Edna saying, Must you use that word again?
Yes, he must! Fatal. Fatal, fatal, fatal. Potentially fatal. What if someone here in the building happened to see one of those photographs? Arthur B. Davies? Why, that’s our Mr. Owens. Good lord, what then? Would they say something? What would they say? Who would they tell? Busybodies! What if they should call the police!
Edna, losing patience fast, saying, Now why would anyone do that? It doesn’t say you’re a wanted man, it says you’re a painter.
Living under an assumed name.
It’s not a crime, says Edna.
No? Living under an assumed name with a woman not my wife isn’t a crime?
Well, says Edna, there’s nothing to be done about it. Whatever happens, happens. So you might as well just go to bed.
Which she intended to do, and then did.
But Davies just continued to prowl, and to rant. All night long.
This morning he finally collapsed with nervous exhaustion, and slept for several hours. Edna went out and shopped. When she returned, someone called to her as she was climbing the stairs to their flat. Mrs. Owens! Oh, Mrs. Owens! Edna turned, a hand tightening on the banister, prepared for the worst. It was the pretty little blonde housewife who lived in 2 Front. Mrs. Owens–hello! I’ve been meaning to ask you for ever so long: would you possibly care to come visit with me some afternoon? I feel that we should get to know one another, seeing as how we’re neighbors and all.

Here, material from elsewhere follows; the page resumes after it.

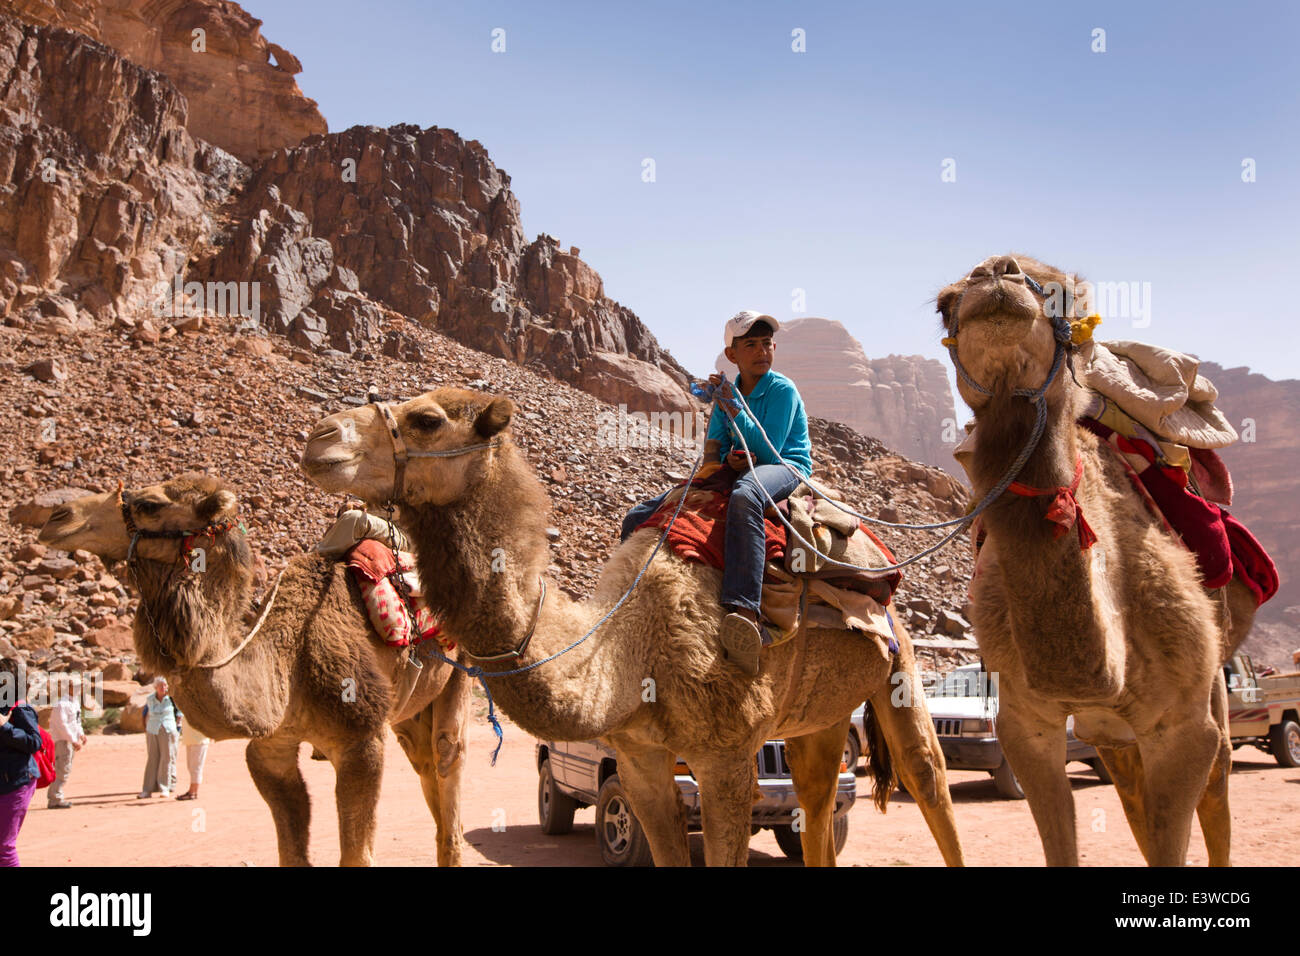 Giordania, Wadi Rum, giovane ragazzo sui cammelli in attesa di dare ai turisti la marcia ad acqua dolce primavera nel deserto giordano Foto Stock

Edna, still tingling, closed her eyes and swallowed. Then nodded yes, saying, Of course, it’s very kind of you to ask. But knowing full well that Davies would hit the ceiling if she ever dared to become friendly with anyone, she made no date. Saying only, We’ll have to do that…sometime soon. Then she smiled and continued up the stairs….
It’s now one-thirty in the afternoon. Arthur Davies–Mr. Owens–is buttoning up his water-repellent chesterfield. Mrs. Owens–Edna Potter–is at the mirror, arranging her hat. She can see his reflection: he’s glaring at her. But no matter–she won’t be dissuaded. She is going with him. She is going to the gallery, and that is that! All ready, she says.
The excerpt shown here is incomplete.